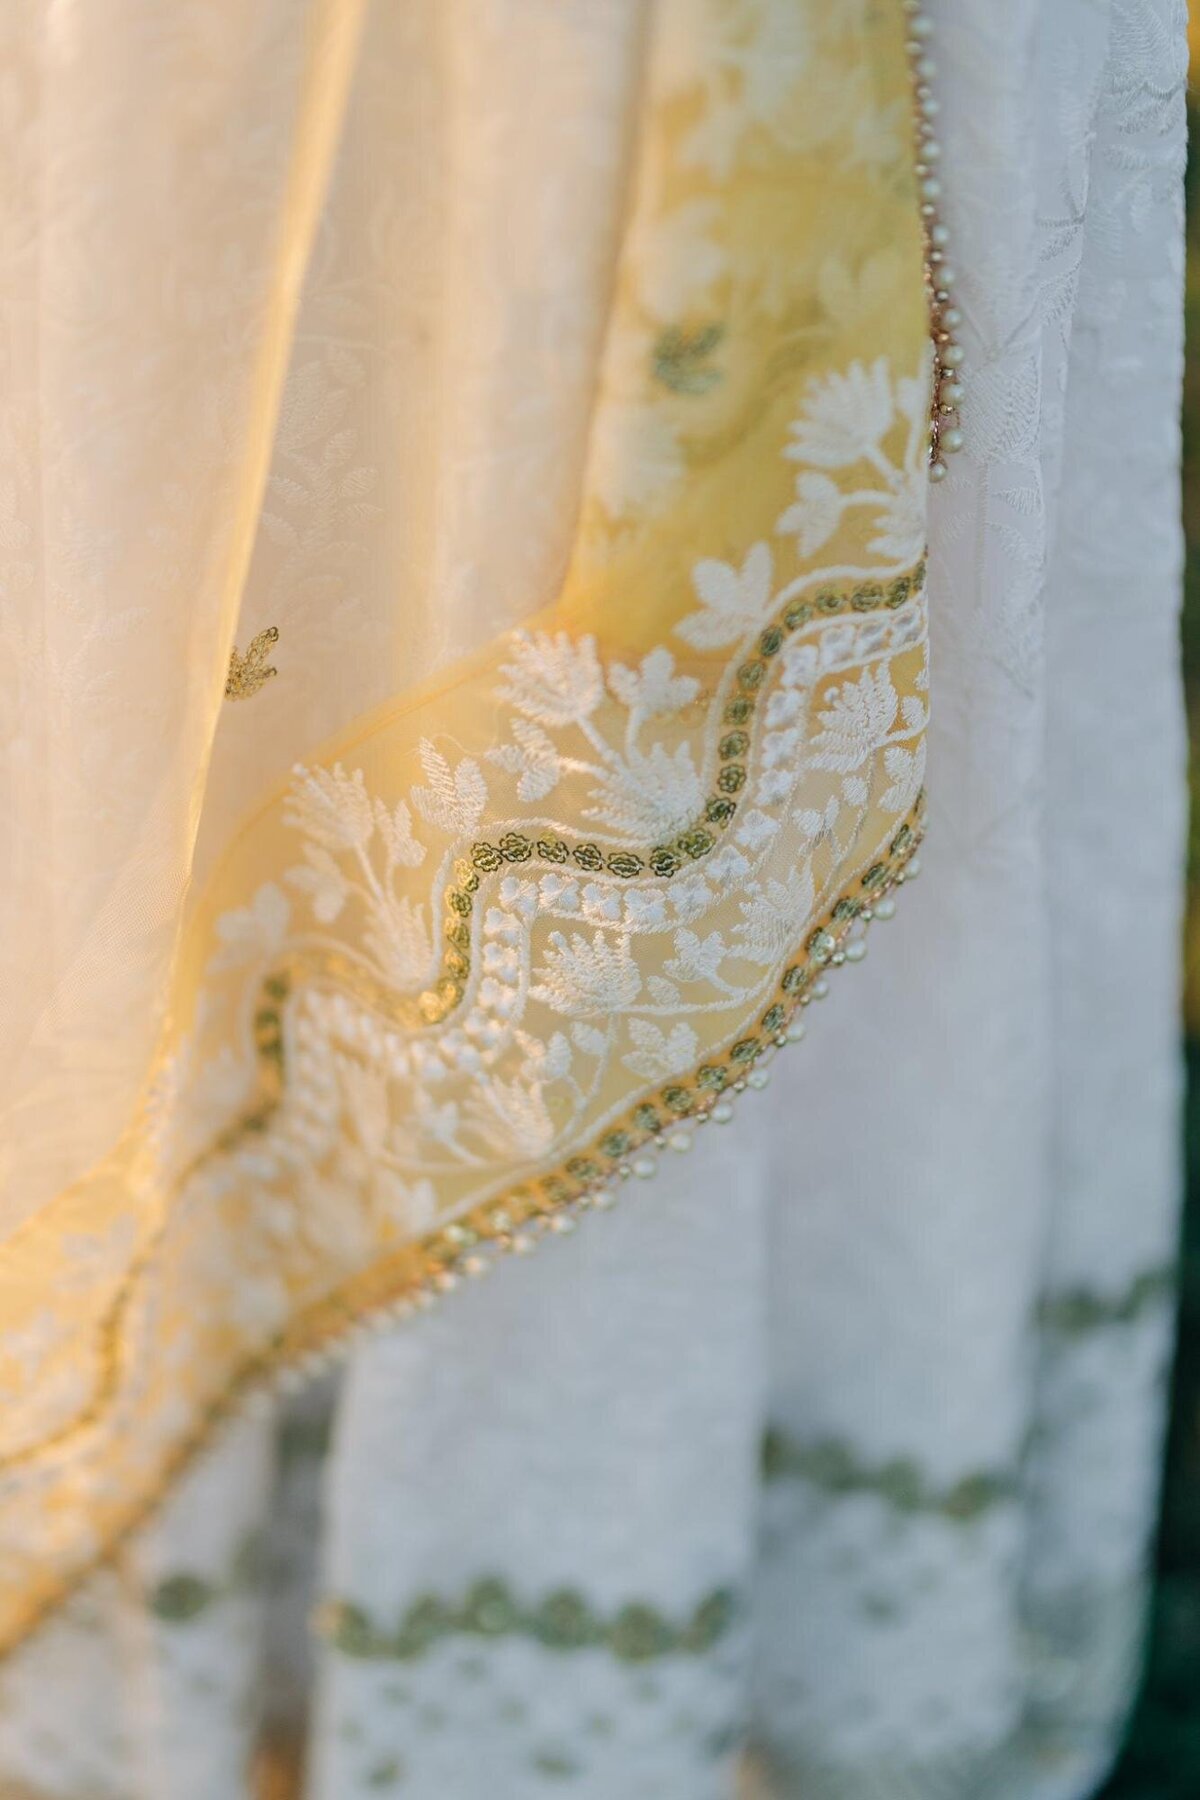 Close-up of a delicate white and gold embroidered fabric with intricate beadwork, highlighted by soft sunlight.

* * *

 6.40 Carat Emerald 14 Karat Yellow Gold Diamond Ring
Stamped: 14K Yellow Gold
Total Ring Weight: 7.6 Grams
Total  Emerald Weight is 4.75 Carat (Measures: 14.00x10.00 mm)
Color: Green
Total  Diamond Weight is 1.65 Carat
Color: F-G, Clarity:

* * *

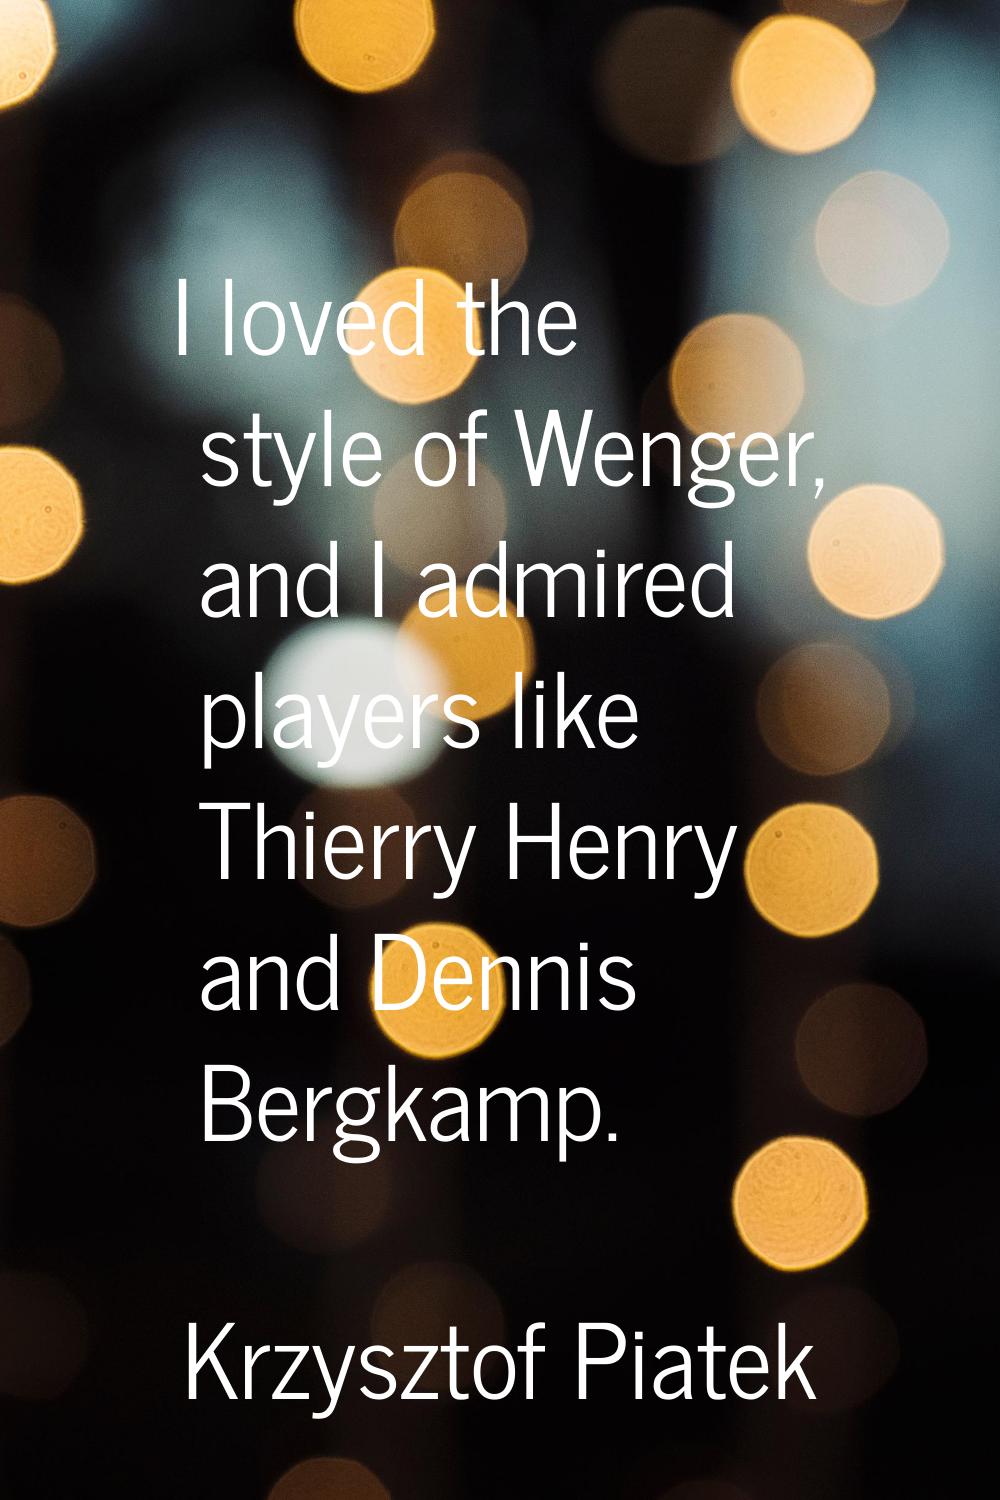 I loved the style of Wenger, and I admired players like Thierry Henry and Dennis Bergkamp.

TASK GOAL: Filter the entries above down to the lines containing the word "Weight".

EXERCISE RESULT:
Total Ring Weight: 7.6 Grams
Total  Emerald Weight is 4.75 Carat (Measures: 14.00x10.00 mm)
Total  Diamond Weight is 1.65 Carat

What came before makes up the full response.